Cameroun: « Nous sommes prêts »


Notre mission au quotidien est d’être prêt pour l’organisation des consultations électorales et référendaires. Notre institution a été créée pour ce travail. C’est l’objet de notre sacrifice quotidien. Nous sommes donc prêts et nous allons travailler dans le cadre du délai de trois mois prévus par la loi, pour mieux huiler notre machine et être à la hauteur de toutes les attentes placées en nous, le 9 février 2020.

Il est donc question dans les prochains jours de publier le fichier électoral en cours de toilettage. Ensuite, nous allons nous assurer que les listes définitives de candidats sont publiées en décembre. Nous devons aussi travailler pour publier la liste des bureaux de vote, compléter le matériel électoral, c’est-à-dire les papiers, les encreurs, l’encre indélébile, les lampes, les calculatrices, bref le kit nécessaire pour la bonne tenue d’un bureau de vote.

La question que l’opinion se pose est celle de savoir s’il y a des dispositions particulières à Elecam pour assurer le bon déroulement du double scrutin dans les régions du Nord-Ouest et du Sud-Ouest, au regard de la situation sécuritaire qui y prévaut…

Effectivement. Les mesures particulières concernent la sécurité. Il faut justement tout faire pour que la sérénité règne dans les différentes circonscriptions de ces régions. Nos agents sont prêts à se déployer dans le Nord-Ouest et le Sud-Ouest, à condition que leur sécurité soit assurée. Les électeurs aussi n’attendent que cette garantie pour se mobiliser le jour du scrutin. L’année dernière, lors de la présidentielle, nous avons par exemple pris des mesures pour que ceux des électeurs qui s’étaient déplacés du fait de la crise, aient la possibilité d’être transférés dans les bureaux de vote où ils se trouvaient. Cela a permis que les personnes déplacées puissent voter aisément. Ces aménagements sont prévus par la loi et nous tenons à respecter celle-ci à chaque fois qu’il faudra trouver des allègements pour nos populations en difficultés.

Quelles sont vos attentes vis-à-vis des formations politiques et des pouvoirs publics ?

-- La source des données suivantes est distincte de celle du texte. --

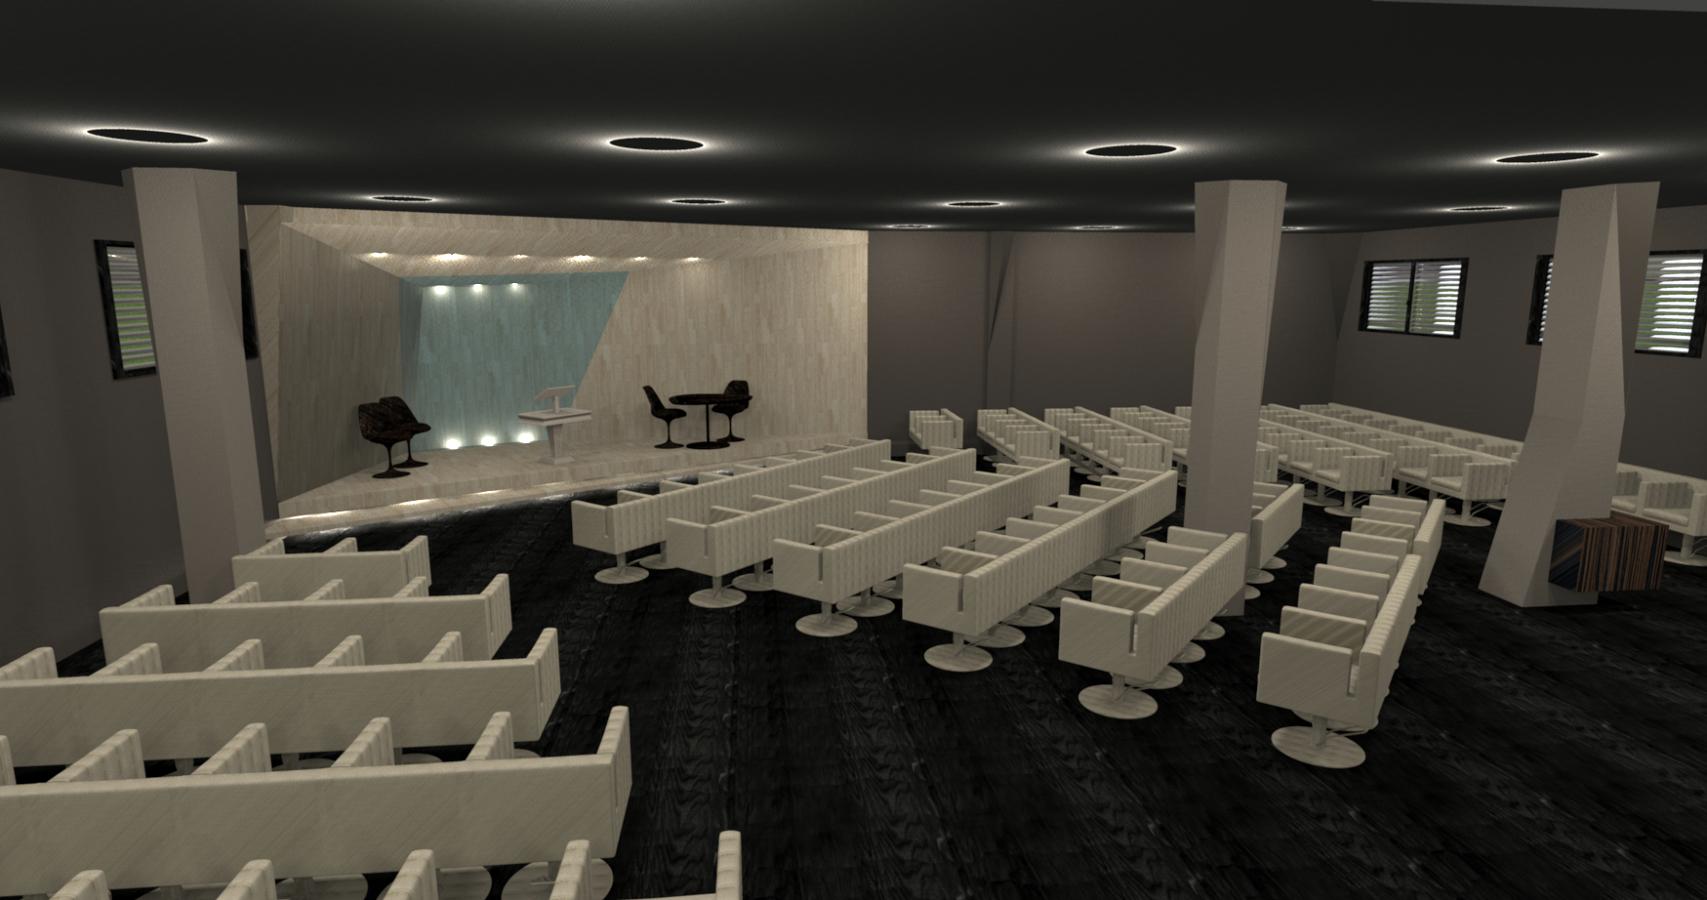 Proyecto para un pequeño auditorio en Vigo (Pontevedra).

C’est un processus qui implique et engage plusieurs acteurs. Nous souhaitons que chacun joue sa partition. Les partis politiques sont les premiers bénéficiaires de ce processus. Ils doivent s’impliquer dans la mobilisation de leurs militants et électeurs, afin qu’ils retirent leurs cartes de vote et aillent voter le moment venu. Pour ce qui est de l’administration, il faut de la sécurité sur le terrain. Elle doit donc tout mettre en œuvre pour qu’il y ait plus de sérénité dans nos villes. En tout état de cause, il existe des dispositions légales et réglementaires qui régissent tous ces déploiements. Nous comptons également sur les médias. Vous devez nous aider dans la sensibilisation et la diffusion des informations utiles et objectives sur le déroulement du processus. Car, les populations ont besoin d’être bien informées.